Foxconn Trade Union
- Formation: 2006
- Founded at: Foxconn City
- Headquarters: Shenzhen
- Location: China;
- Members: 1,000,000+
- Owner: Foxconn
- Leader: Cheng Peng
- Affiliations: ACFTU
- Website: http://hhfox.com/portal.php

= Foxconn and unions =

Trade unions at Foxconn facilities

Foxconn is the largest private employer in China with 1.4 million employees. With over a million members, Foxconn Trade Union is the world's largest trade union and also a company union dominated by management. It was established in 2006 in Shenzhen, China.

Similar to the situation in China, Foxconn has signed collective agreements with managerial friendly trade unions in India. In contrast, Foxconn has signed collective agreements with democratic trade unions in Brazil; in the Czech Republic, it inherited an existing union when it took over a former Tesla plant.

== China ==

In the summer of 2006, British, Chinese and US press reported poor working conditions in an iPod factory operated by Foxconn.
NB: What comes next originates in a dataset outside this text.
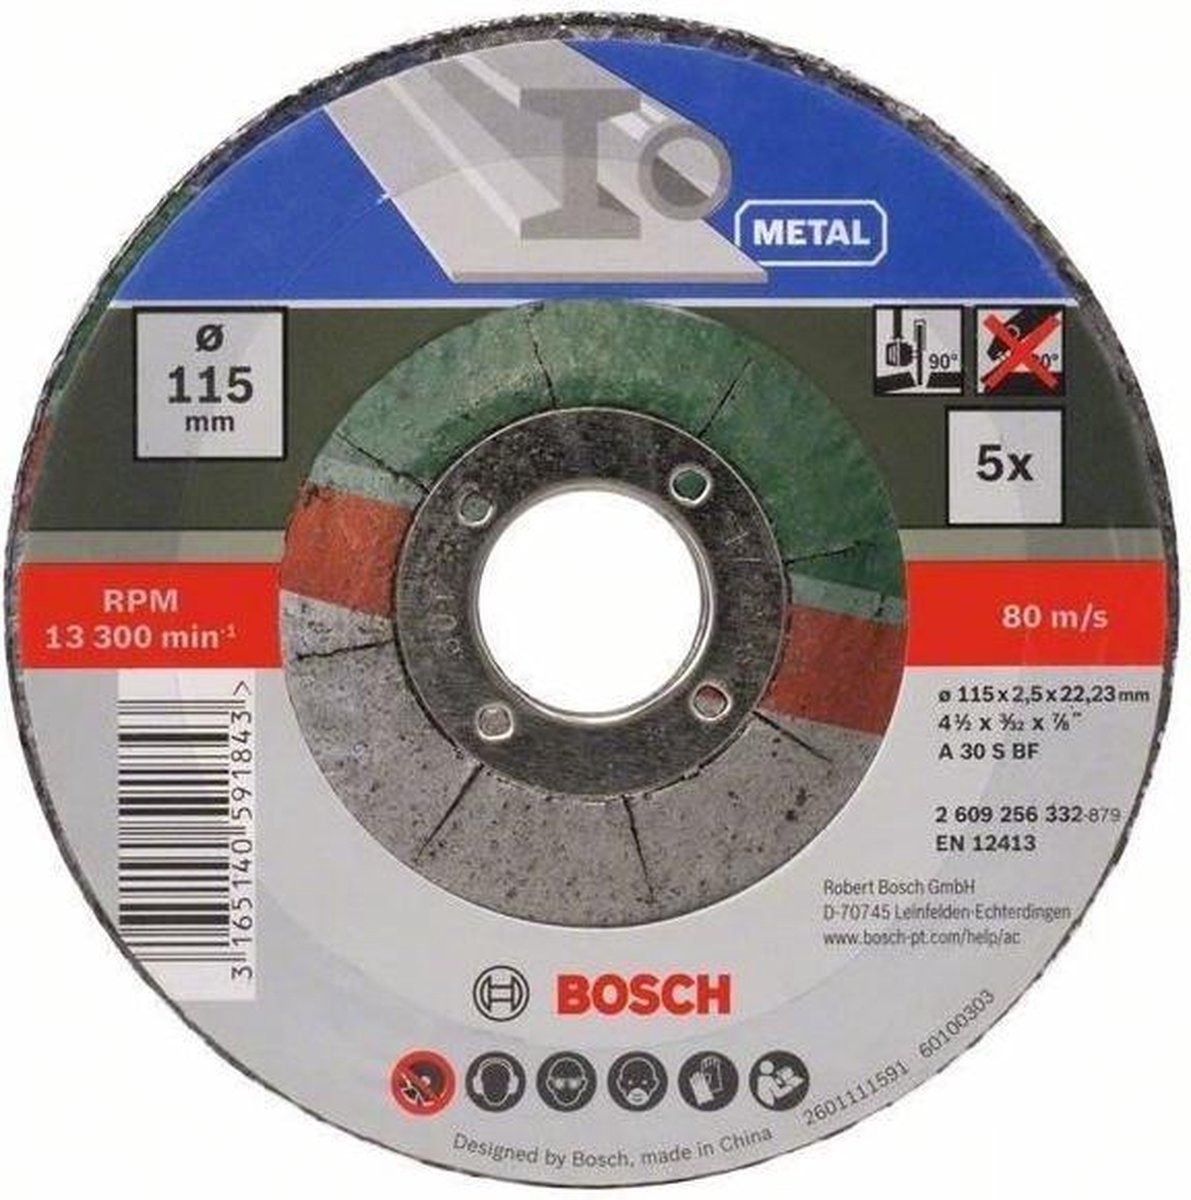 Bosch Slijpschijf Metaal 115 mm 5 stuks

Apple promised to investigate, while Foxconn responded by suing two of the mainland journalists involved. Foxconn later dropped their lawsuit. In response to media pressure and local interventions by Shenzhen municipal state officials, Foxconn promised to form a union. However, nothing materialized by November 2006. On the last day of that year, the Shenzhen branch of the All-China Federation of Trade Unions took the unusual step of establishing Foxconn's first union, initially with 118 members from the 240,000 workers at the Longhua Science and Technology Park facility. In March 2007, Foxconn CEO Terry Gou's special personal assistant, Chen Peng, (Note: Sources use conflicting pronouns/titles for Chen Peng. Chen Peng is a woman according to the Financial Times and researcher Jenny Chan. She also goes by Peggy in the English language.) was elected as its first chair. Despite being the largest 'unionized' company in the world, with 90% of Foxconn's 1.4 million workforce registered; the Foxconn Federation of Labour Unions (富士康科技集团工会联合会), more commonly known as the Foxconn Trade Union (富士康工会) is a company union dominated by management rather than workers.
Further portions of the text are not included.